Albiero's son Nick was an outstanding swimmer for Louisville by 2020. An accomplished collegiate swimmer, and a member of the U.S. National team, he made the Brazilian Olympic team in the 200 butterfly in 2024.

==Service to the swimming community==
For the London 2012 Olympic Games, Albiero accepted a position as the Portuguese Olympic coach. In 2015, while at Louisville, Albiero served on the USA Coaching Staff, coaching the American team at the Pan American Games. Among his more significant achievements as Louisville swim coach, Albiero greatly expanded scholarship opportunities, and oversaw the building of the new Ralph Wright Natatorium. He served as the President of College Swimming and Diving Coaches Association of America (CSCAA) and testified before the House Judiciary Committee in 2025 concerning Anti-trust law.

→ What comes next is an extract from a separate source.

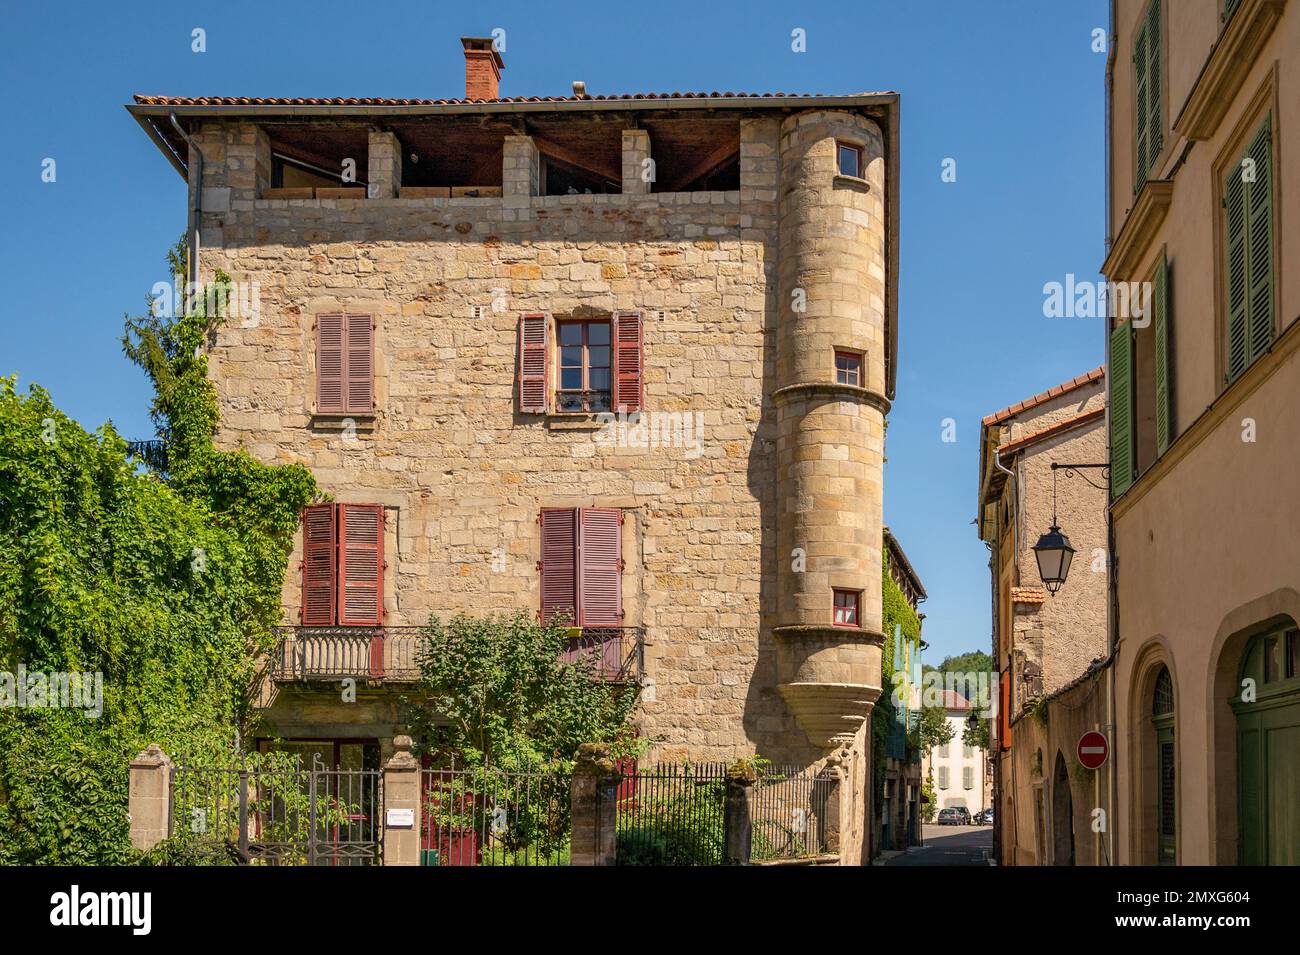 Maison de ville traditionnelle dans le vieux centre de Figeac, sud de la France Banque D'Images

Albiero married Amy Comerford on April 27, 1996, a former outstanding swimmer at Oakland University who has also coached and would become a member of the Oakland University Athletic Hall of Honor. Their children are Estefan, Nicolas, an accomplished competitive swimmer for Louisville, and Gabriela, who also swam for Louisville.

== Honors ==
Around the 2009-2011 swim seasons, Albiero was twice named the Big East Conference Coach of the Year.
He became a member of the University of Oakland Athletic Hall of Honor in 2012. He was twice honored as the National Coach of the Year by Swimswam Magazine. In a unique honor, he became a member of the College Swimming and Diving Coaches Association of America's 100 greatest coaches of the Century in 2021.